(Required work) Write the listing out once more, identical to the original but without pictures.

(Available data)
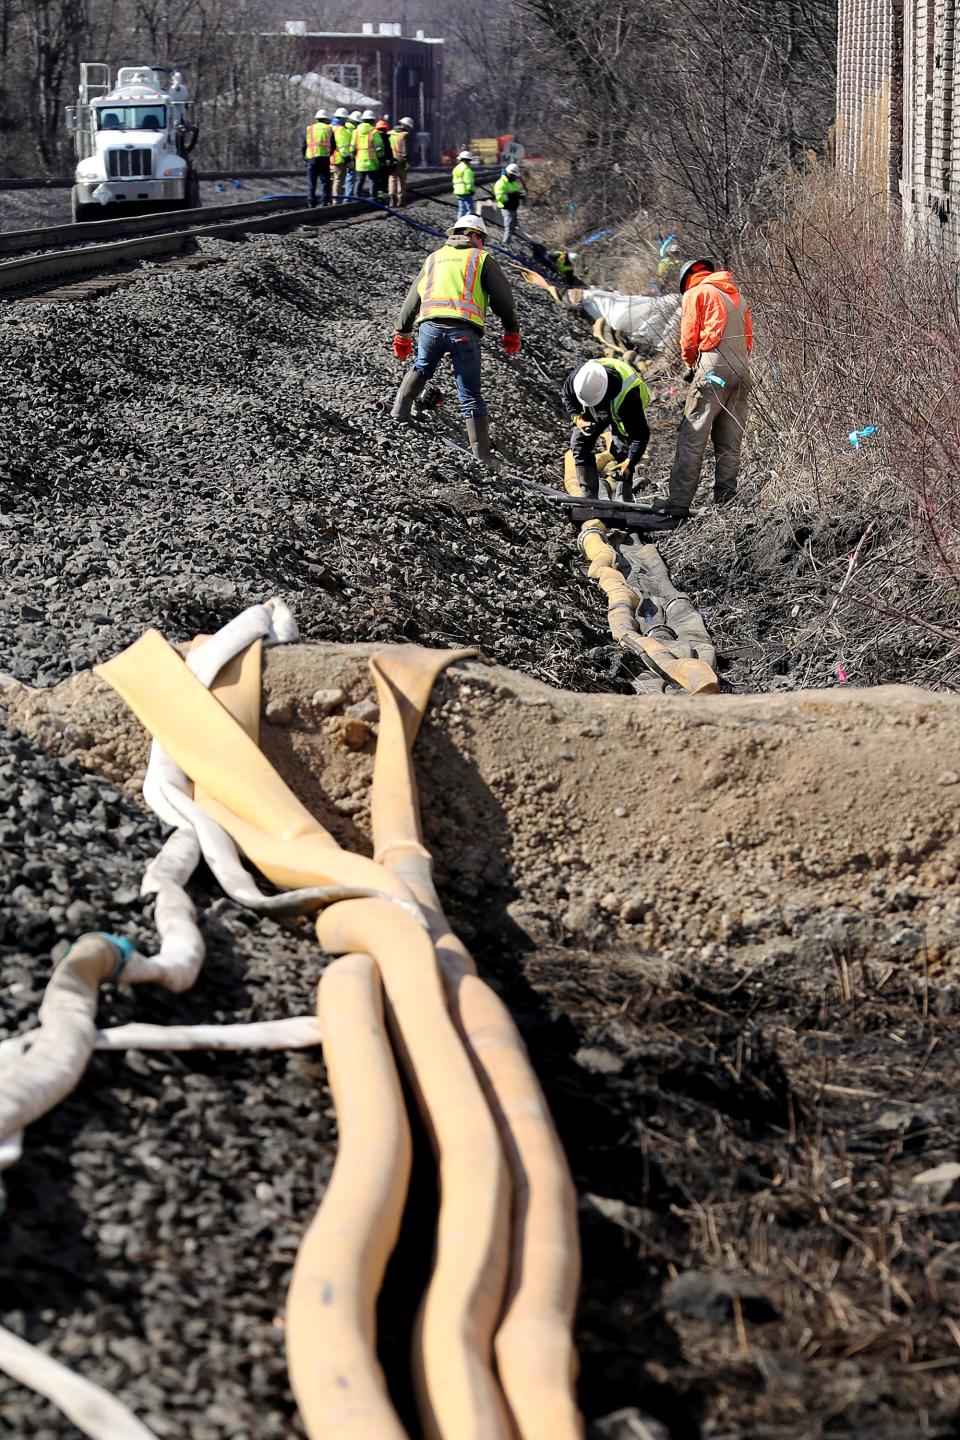 Crews clean out and take samples of soil and water from the ditches near the site of the Norfolk Southern train derailment, Tuesday, Feb. 21, 2023, in East Palestine, Ohio.
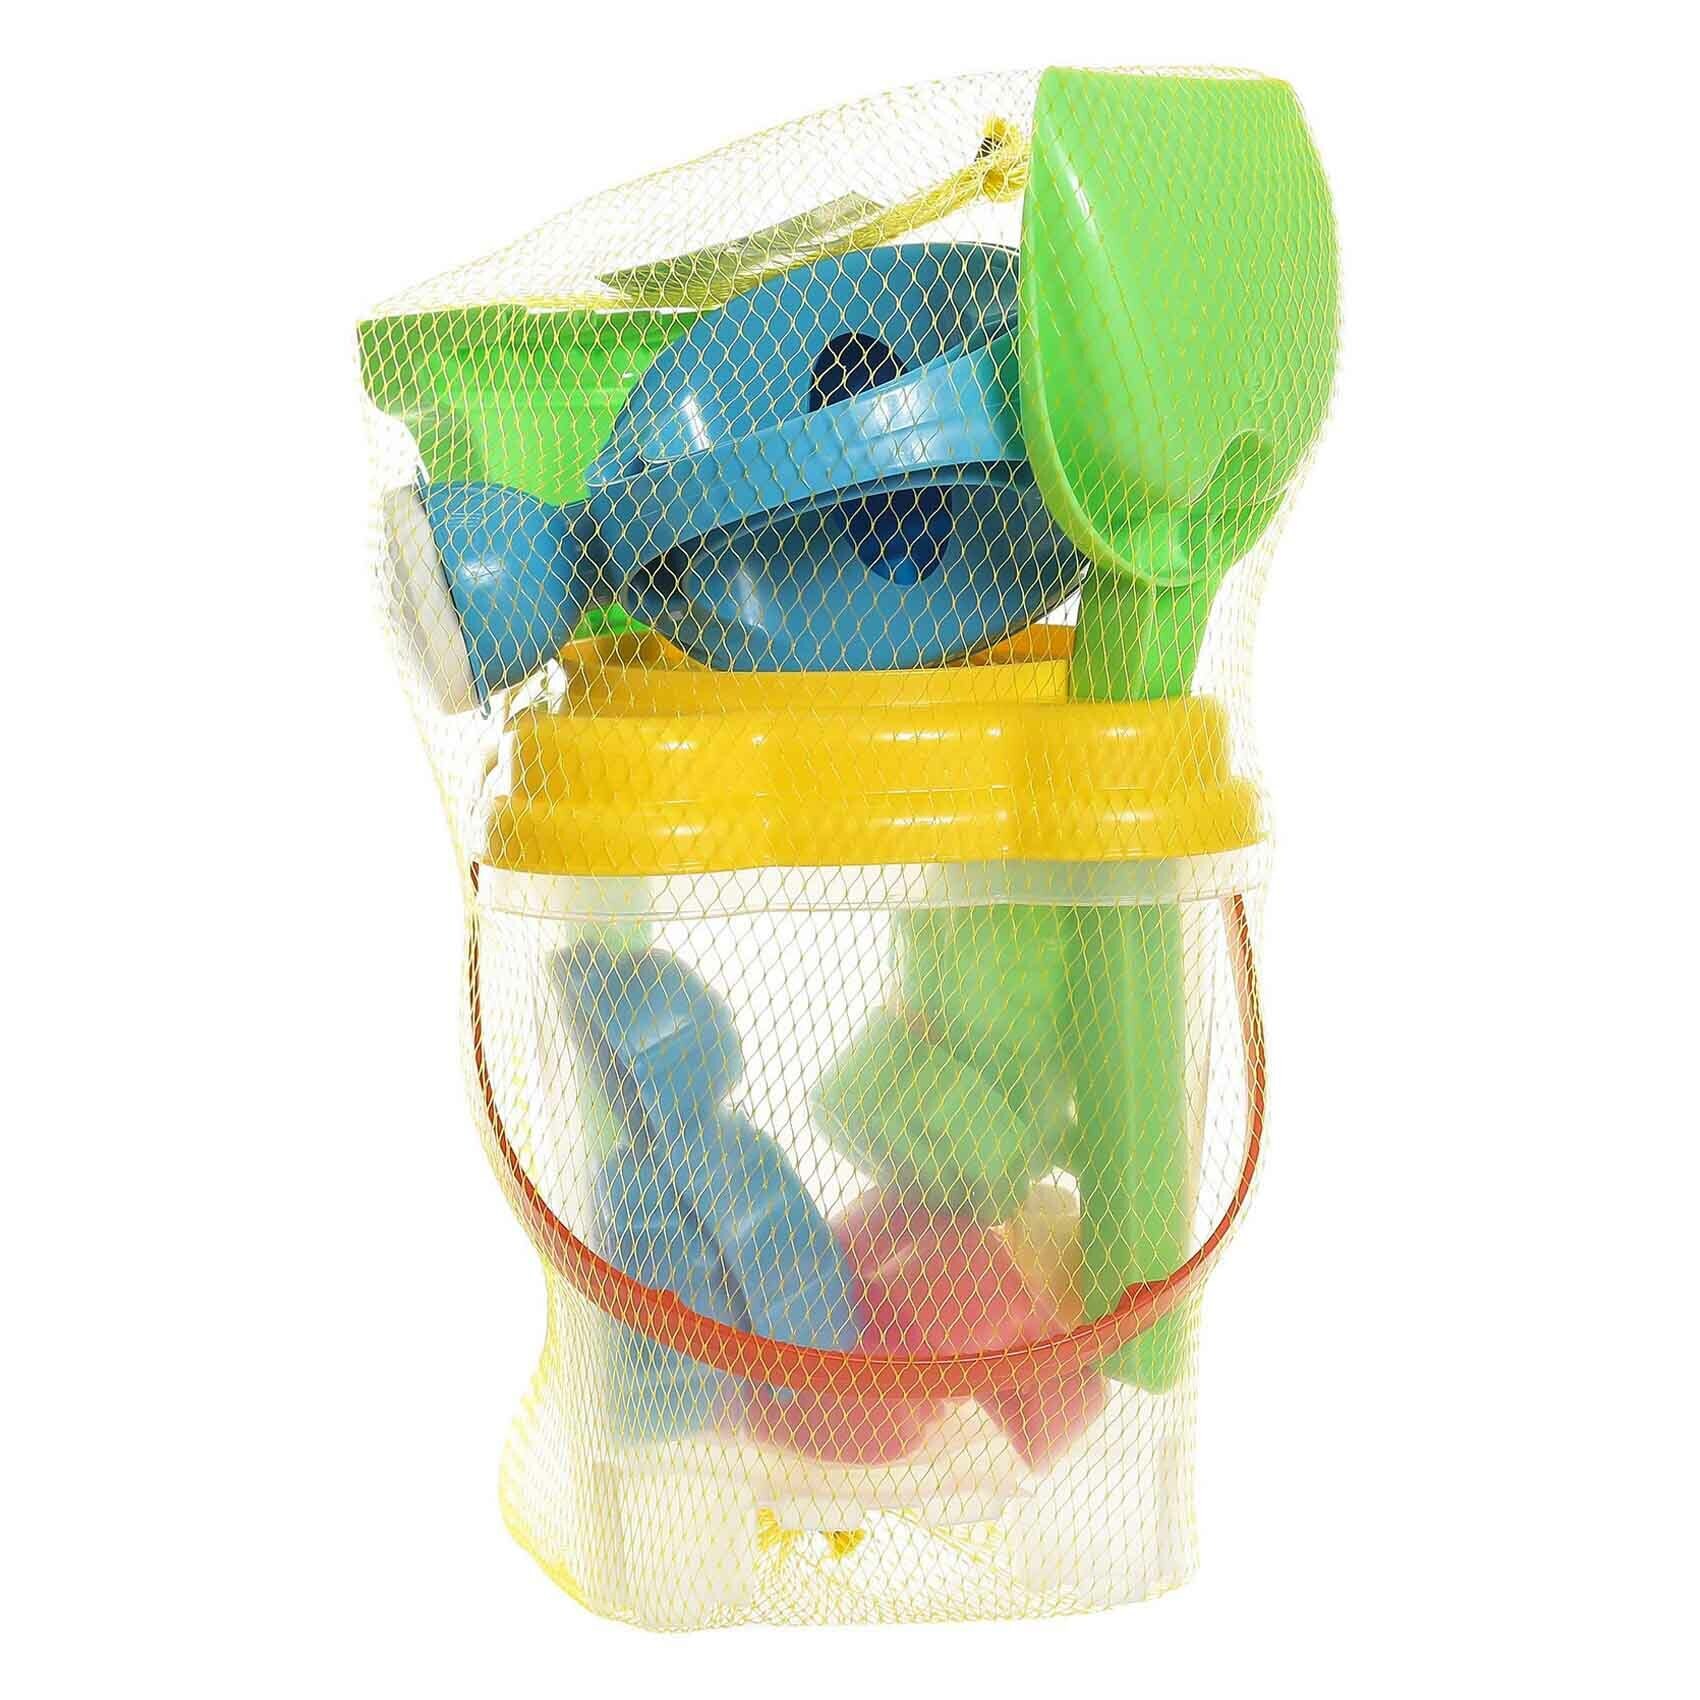 Buy Androni Giocattoli Bucket Set 1446 Online - Shop Toys & Outdoor on ...
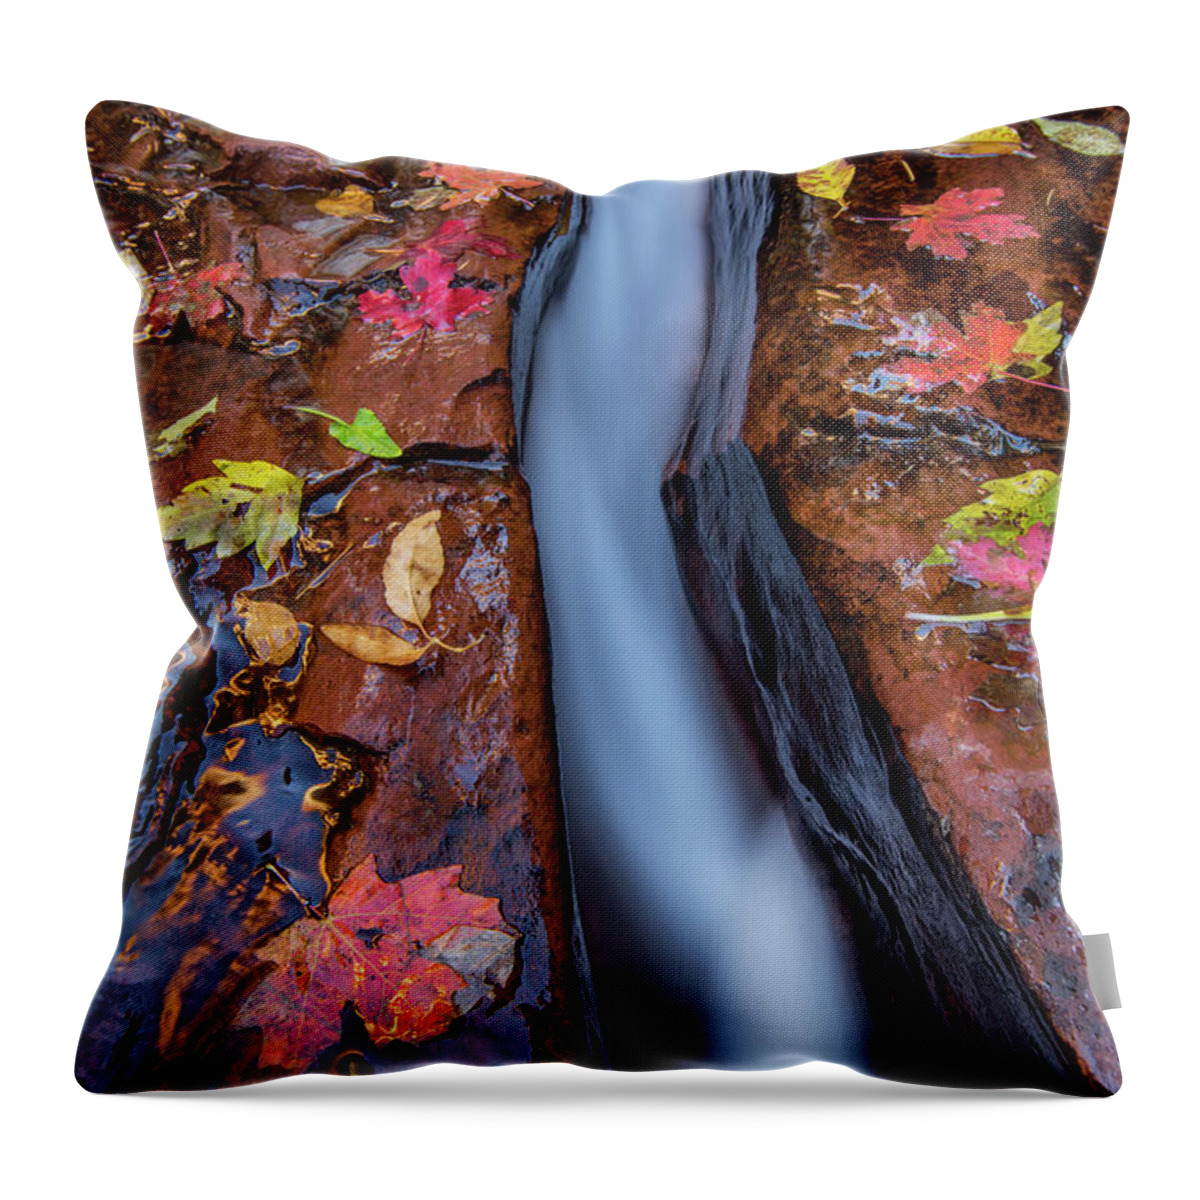 Zion Throw Pillow featuring the photograph The Crack by Wesley Aston

(Answer below)
 Crews clean out and take samples of soil and water from the ditches near the site of the Norfolk Southern train derailment, Tuesday, Feb. 21, 2023, in East Palestine, Ohio.
 Buy Androni Giocattoli Bucket Set 1446 Online - Shop Toys & Outdoor on ...
 Zion Throw Pillow featuring the photograph The Crack by Wesley Aston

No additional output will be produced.